Closed GreatArcStudios closed 2 years ago
Hi Eric,
TFrecords files should be preprocessed with akita_data.py
. It would be interesting if the GeLu vs ReLu made that much of a difference, but the reported hyperparamters were found after tuning with dragonfly. Another thing to look into would be how much data augmentation you're doing in the pytorch replication test.
Hi Geoff,
We downloaded the data from https://github.com/calico/basenji/blob/master/manuscripts/akita/get_data.sh. This the preprocessed data right? Could you clarify what you mean by the amount of data augmentation?
yes, those should be the pre-processed tfrecords.
for data augmentation, I'm referring to reverse complementing & shifting: https://github.com/calico/basenji/blob/19f5345be2726600c62df55c223d9f7184a68e7a/basenji/seqnn.py#L114
Hmm ok, we used a stochastic shift of 11.Should that be enough?
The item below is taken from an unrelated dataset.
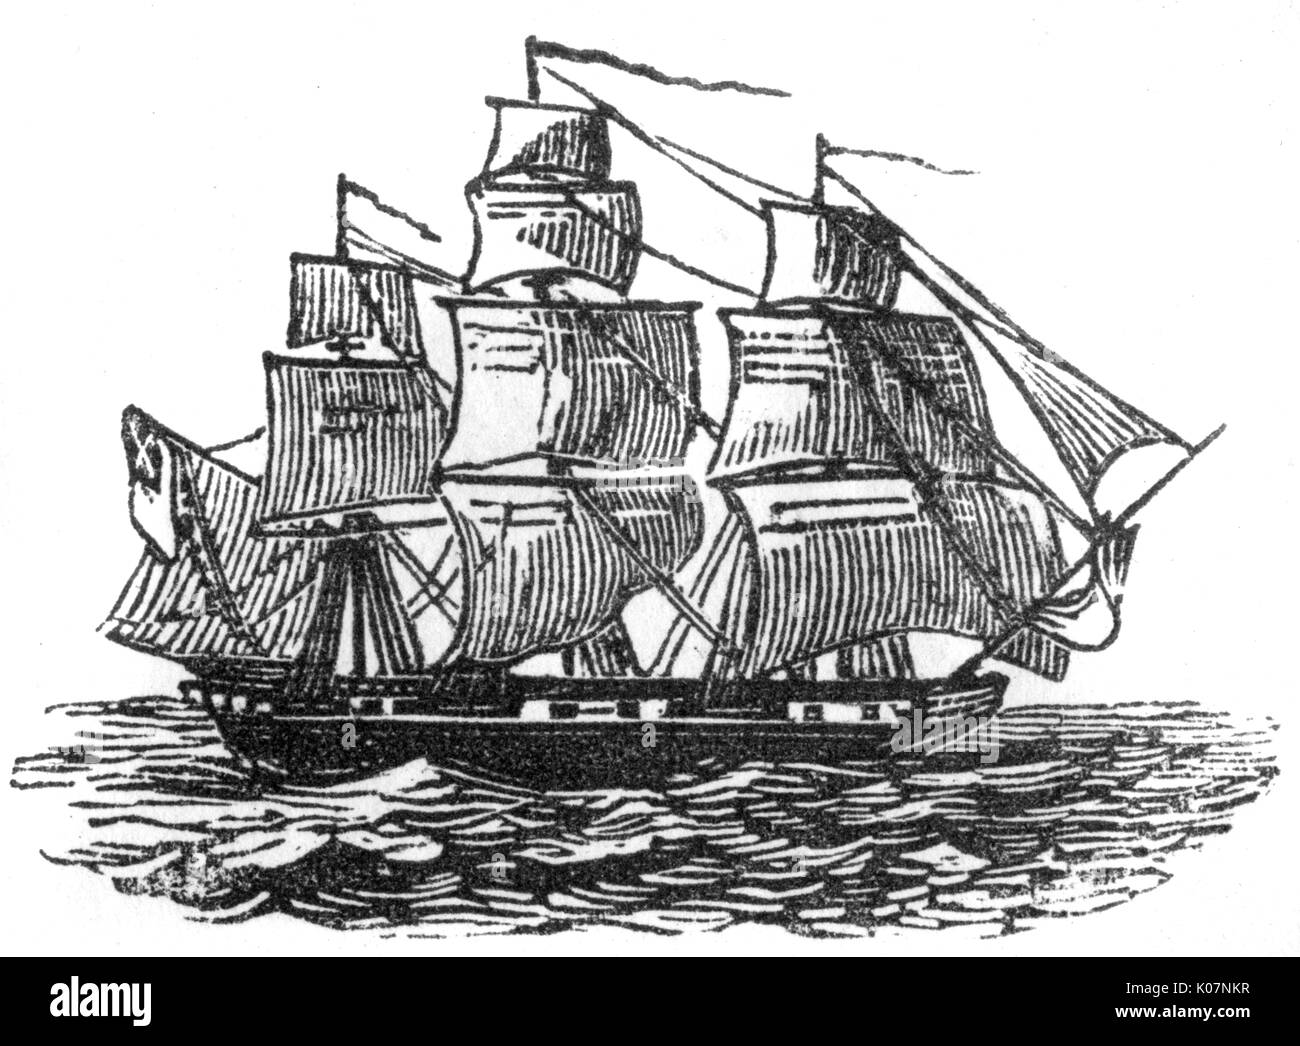 Holzschnitt von einem Segelschiff, c 1800. Datum: C 1800 Stockfoto

Hi Eric, I did try gelu for Akita, and it was inferior to relu. However, I doubt it explains the substantial difference. Stochastic shift 11 should be fine; the reverse complement augmentation is much more important. When we measure test set accuracy, we also average the forward and reverse complement maps as an ensemble.
In general, I've found it to be very difficult to port complex models across frameworks exactly. I'd encourage you to work with our code on small examples to replicate its behavior in pytorch, and then slowly scale up and add more complexity.
Hi David,
I see. By averaging across the forward and reverse complement maps, do you mean you calculated the MSE for the ~400 test sequences of both the reverse complement and forward maps and took the simple average?
Yeah, we started small, trying to port modules of this repo to our code. Framework implementation and such can definitely be quite finicky, so thanks for the replies!
Yes, ensemble averaging is performed in-graph here: https://github.com/calico/basenji/blob/master/basenji/seqnn.py#L218 Akita was more complicated than the 1D Basenji, but careful upper triangular matrix bookkeeping allowed it to be done.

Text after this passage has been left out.